Lorgues | Le moniteur d’auto-école aux 7 victimes n’ira pas en prison

oui

Pédocriminel En liberté

“C’était pour les aider à se détendre”
Une bretelle de soutien-gorge remise en place, une poitrine effleurée, une jupe relevée jusqu’aux hanches “parce qu’on voit mieux les pédales”, des épaules massées avec application, des mains qui s’égarent sur les cuisses graciles “pour indiquer les changements de vitesse”…

Un moniteur d’auto-école a été condamné à 18 mois de prison pour avoir agressé sexuellement plusieurs de ses élèves entre 2018 et 2021.

Un comble pour ce moniteur d’auto-école de 46 ans que d’être jugé pour écart de conduite sur les petites routes de Lorgues.

De 2018 à 2021, dans l’habitacle feutré des voitures, Francis a eu la pédagogie tactile et le dérapage bien contrôlé.

Le moniteur préférait le langage du corps, tout émoustillé par ses jeunes proies au cœur tendre.

Pas moins de sept jeunes élèves ont porté l’affaire devant le tribunal de Draguignan dont sa collègue de travail, pour un baiser volé, coincée derrière un bureau.

Dans sa déposition, celle-ci l’accuse même d’élaborer ses plannings :

“En choisissant les élèves les plus jolies”.

À la présidente, Marie-José Coureau-Vergnolles, qui s’inquiète de cette pédagogie “malsaine”, Francis oppose la promiscuité imposée par l’étroitesse du véhicule.
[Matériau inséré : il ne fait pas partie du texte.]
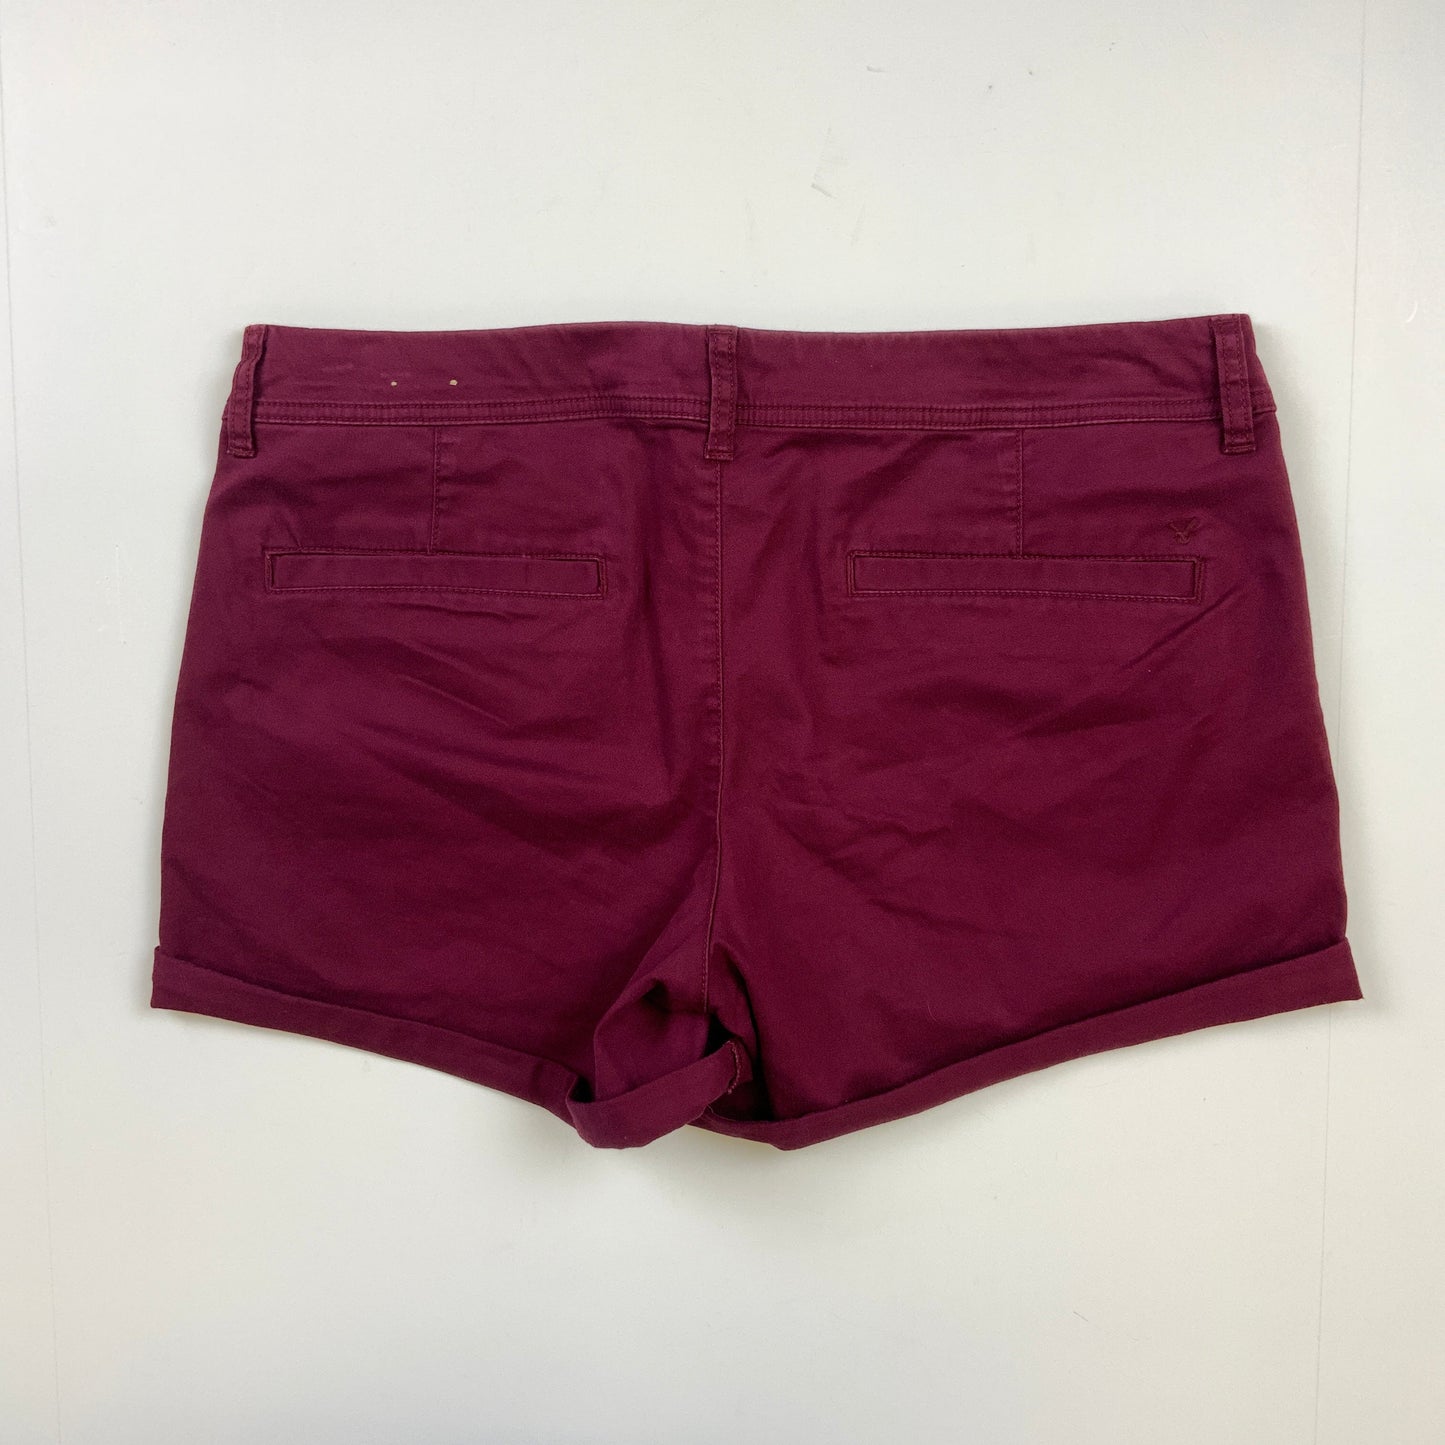 Red Shorts American Eagle, Size 14

Quant aux massages et aux caresses…

“C’était pour les aider à se détendre”.

La magistrate hausse le sourcil.

“Vous ne pensez pas que c’était plutôt votre comportement qui les mettait en stress?”.

Non, le moniteur, licencié depuis les faits, ne semble pas comprendre qu’il a franchi la ligne blanche.

Le procureur, David Malicot, se fait un devoir de lui lire la définition du harcèlement sexuel. La répétition des gestes, l’absence de consentement. Le magistrat ferraille pour obtenir des aveux francs.

“Elles ont besoin de cette reconnaissance pour se reconstruire!”

Francis tergiverse, il se reconnaît “tactile” mais réfute le côté “prédateur”.

Soutenues par leurs parents, deux jeunes filles, très émues, témoignent à la barre. L’une d’entre elles s’effondre en larmes:

“Il me disait je vais te mettre dans les conditions de l’examen pour que tu gères le stress, il me touchait le ventre, la poitrine, je pensais que j’étais folle!”

Les avocates des parties civiles réclament un préjudice de 2.000 à 7.000 euros.

Me Ducrocq-Schreck dénonce :

“Des heures de conduite cauchemardesques!”

Me Dartois poursuit :

“Il est intelligent, impossible qu’il n’ait pas eu conscience du mal qu’il faisait”

Le procureur se veut cinglant:

“Vos gestes n’avaient rien de ceux d’un enseignant, il n’est plus acceptable qu’un homme considère une jeune fille comme sa chose!”

Et de requérir deux ans de prison dont six mois ferme avec obligation de soins.

L’avocat de la défense, Me Brunet-Debaines, exhibe d’emblée les médailles de son client lorsqu’il était militaire.

“Il a servi la France tout de même. Les faits qu’on lui reproche ne sont pas si graves, ses méthodes n’ont pas été comprises. N’a-t-on pas accusé Sarkozy ou Macron d’être tactile?”

Le tribunal a au final condamné le moniteur à 18 mois de prison dont 12 avec sursis et obligation d’indemniser les victimes.

Francis pourra exécuter les six mois ferme sous forme de bracelet électronique. Et ainsi dégager du temps pour réviser son code de bonne conduite.